Tiap-tiap madrasah ini memiliki karakteristik tersendiri. Para pakar Madrasah Kalamiyyah memusatkan pembahasan balaghahdengan menciptakan batasan-batasan lafdzi dan spirit perdebatan. Kemudian konsentrasi dengan membuat sekian banyak macam definisi-definisi dan kaidah-kaidah tanpa tidak sedikit menunjukkan contoh-contoh bukti sastrawi baik puisi maupun prosa. Bagi menilai tepat dan estetis atau tidaknya bahasa, mereka tidak sedikit berpegang pada analogi filsafat dan kaidah-kaidah logika.

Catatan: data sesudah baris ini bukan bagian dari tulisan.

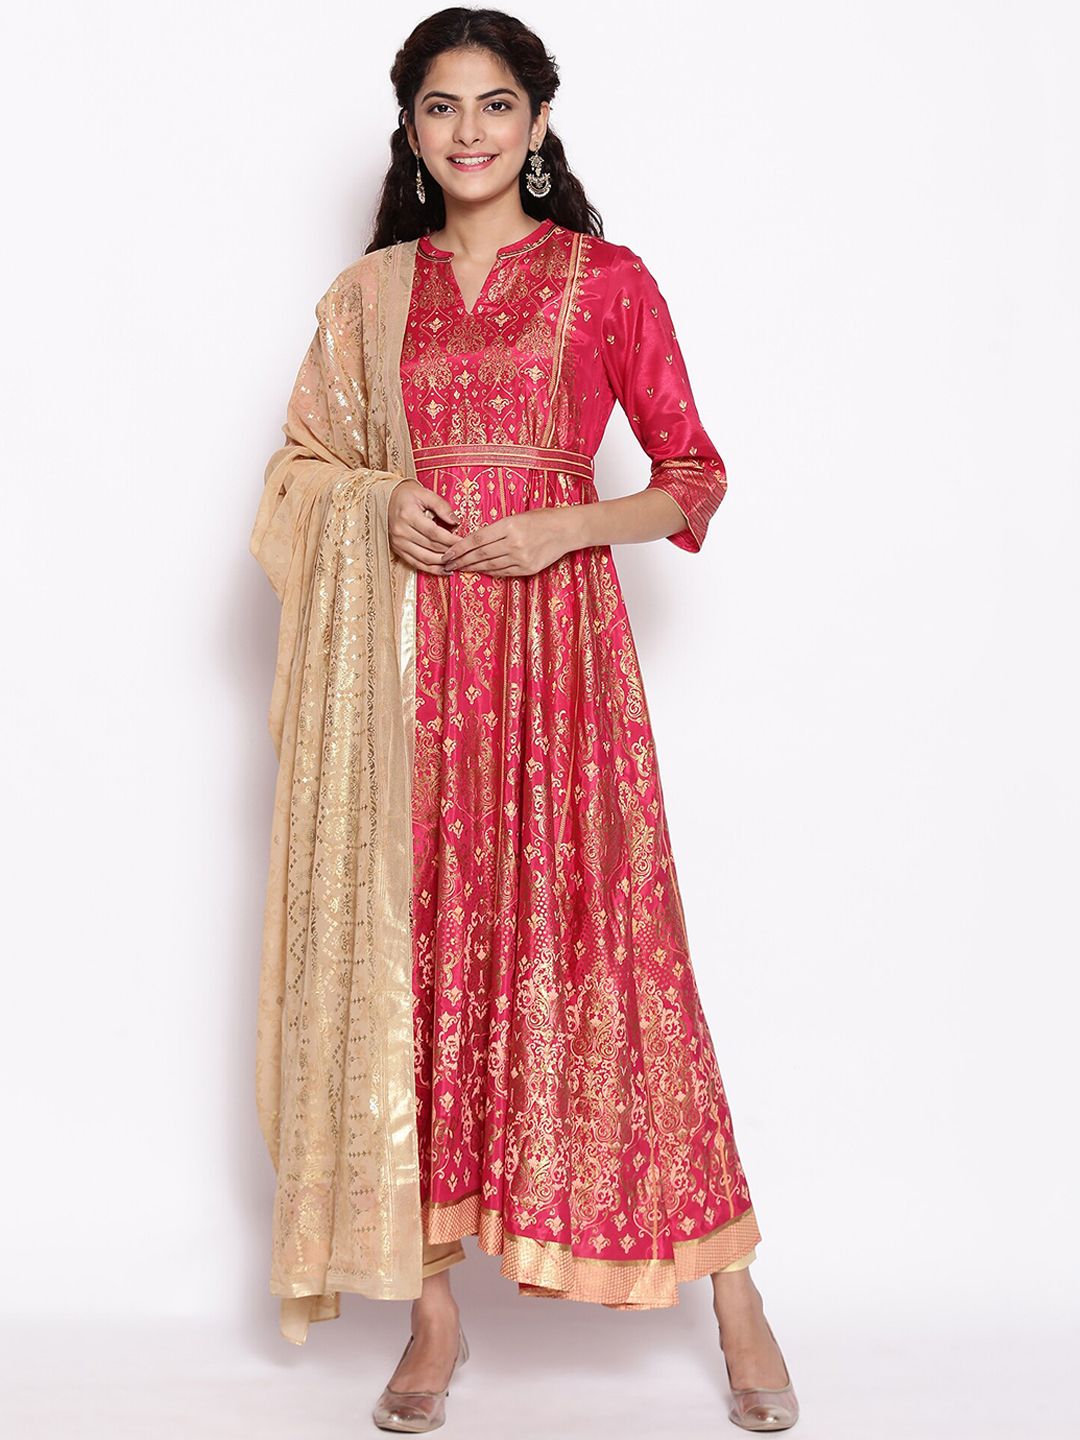 AURELIA Pink Ethnic Motifs Ethnic Maxi Dress Price in India
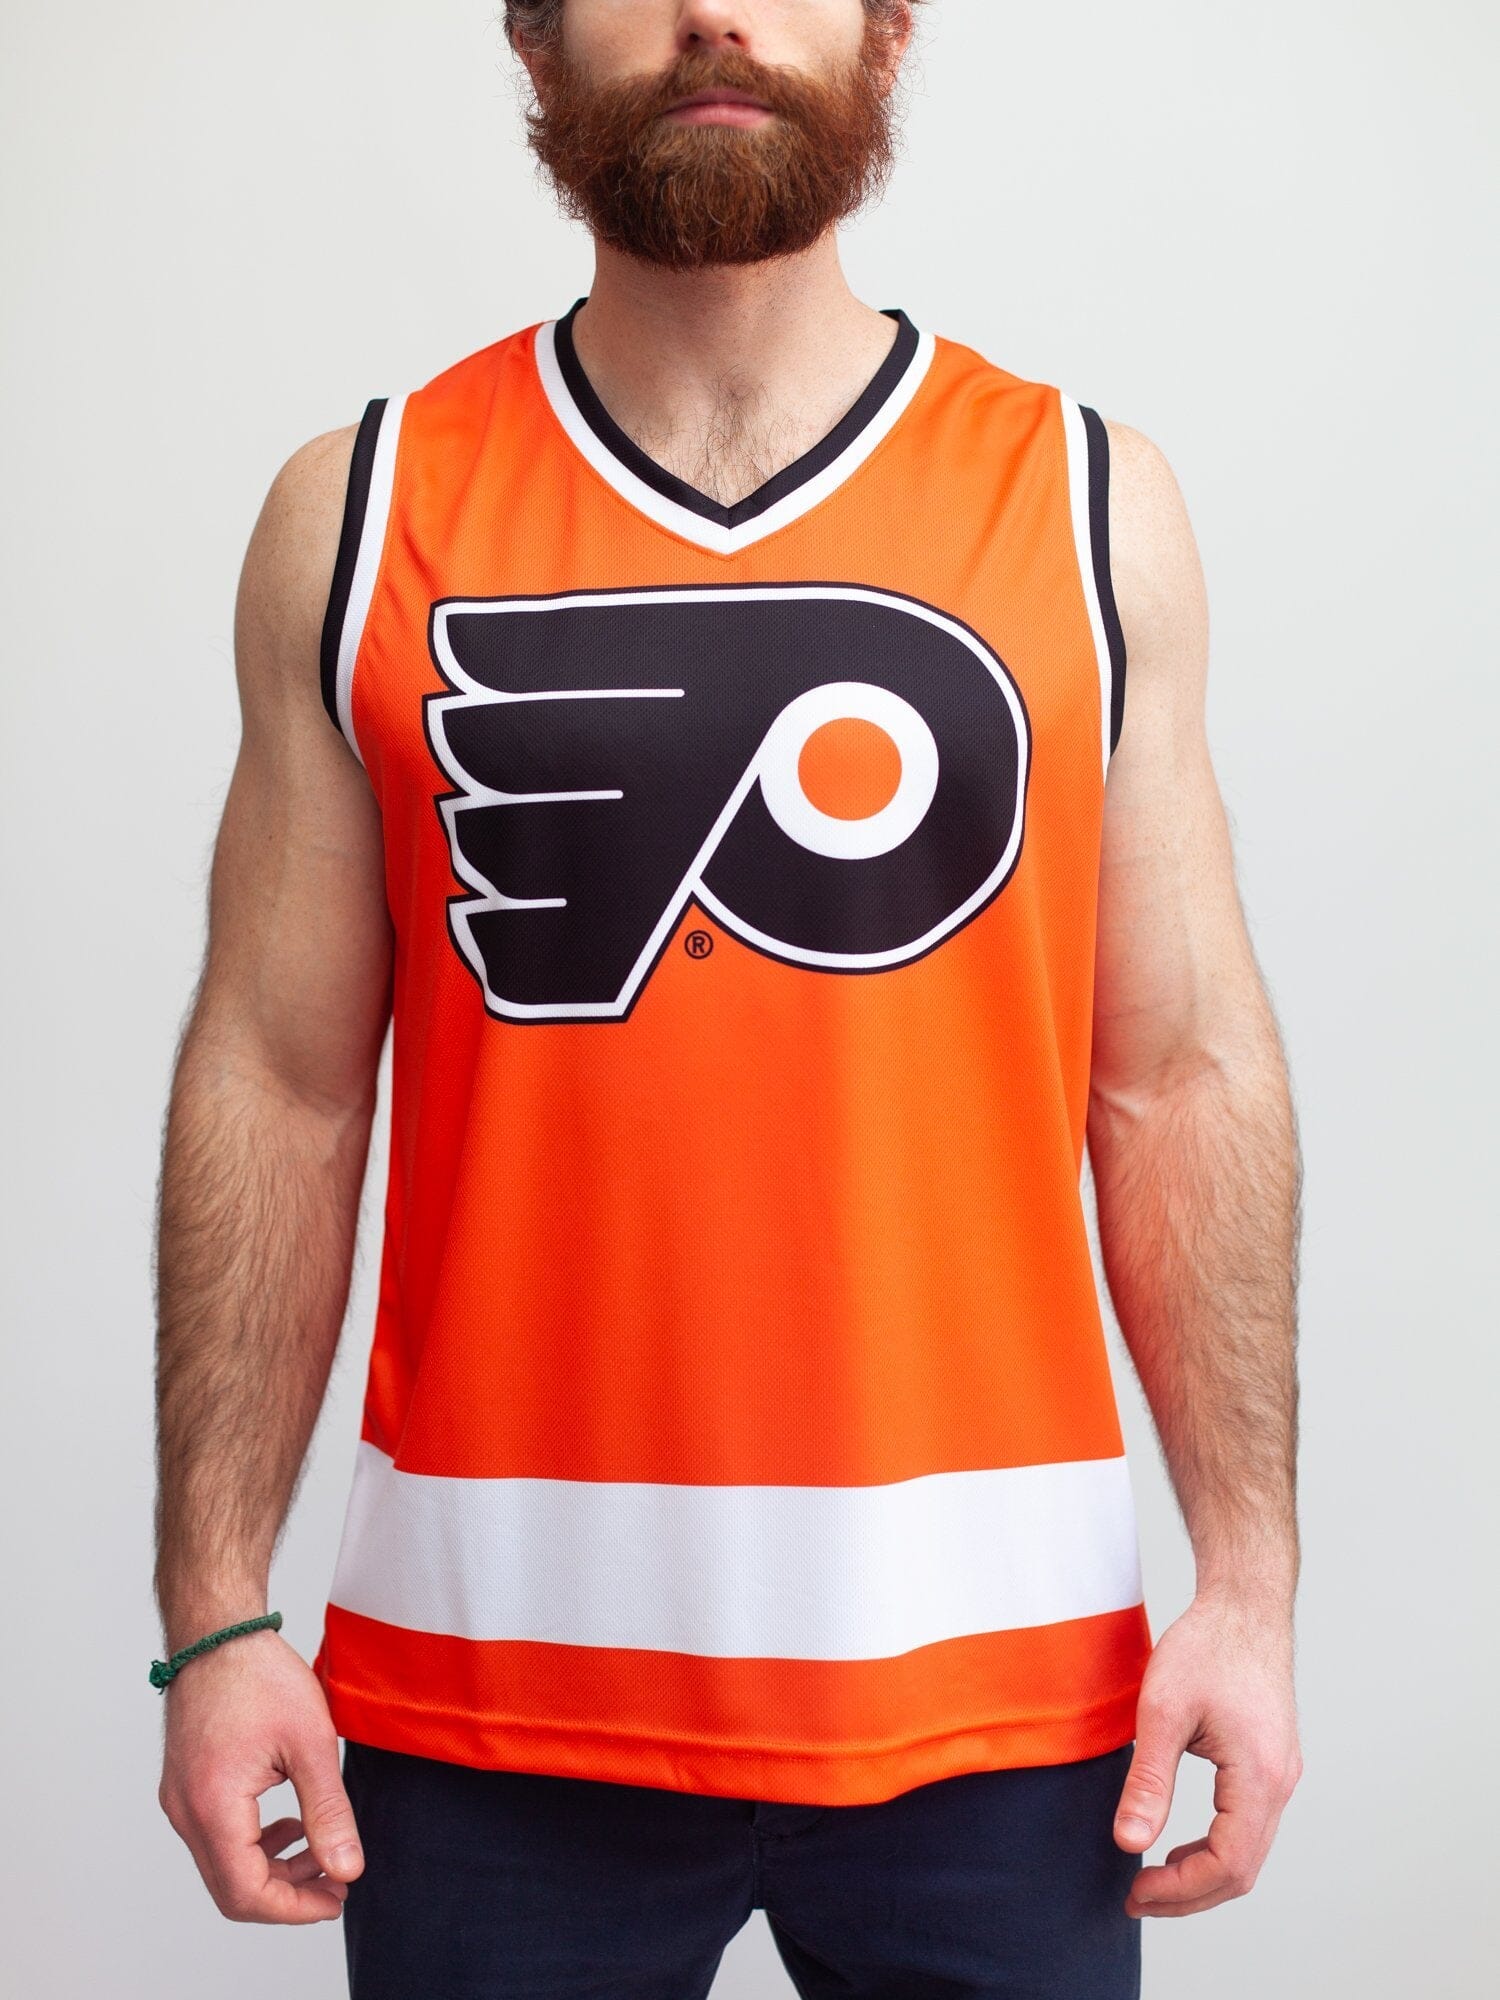 Philadelphia Flyers NHL Brand Youth Jersey L/XL

Sedangkan Madrasah Adabiyyah, paling berlebihan dalam mengemukakan bukti-bukti (contoh-contoh) sastrawi baik puisi maupun prosa, dan tidak banyak sekali menyimak tentang pengertian dan lain-lainnya. Bagi menilai tepat dan estetis atau tidaknya bahasa mereka lebih tidak sedikit berpegang pada rasa seni, keindahan daripada untuk filsafat ataupun logika.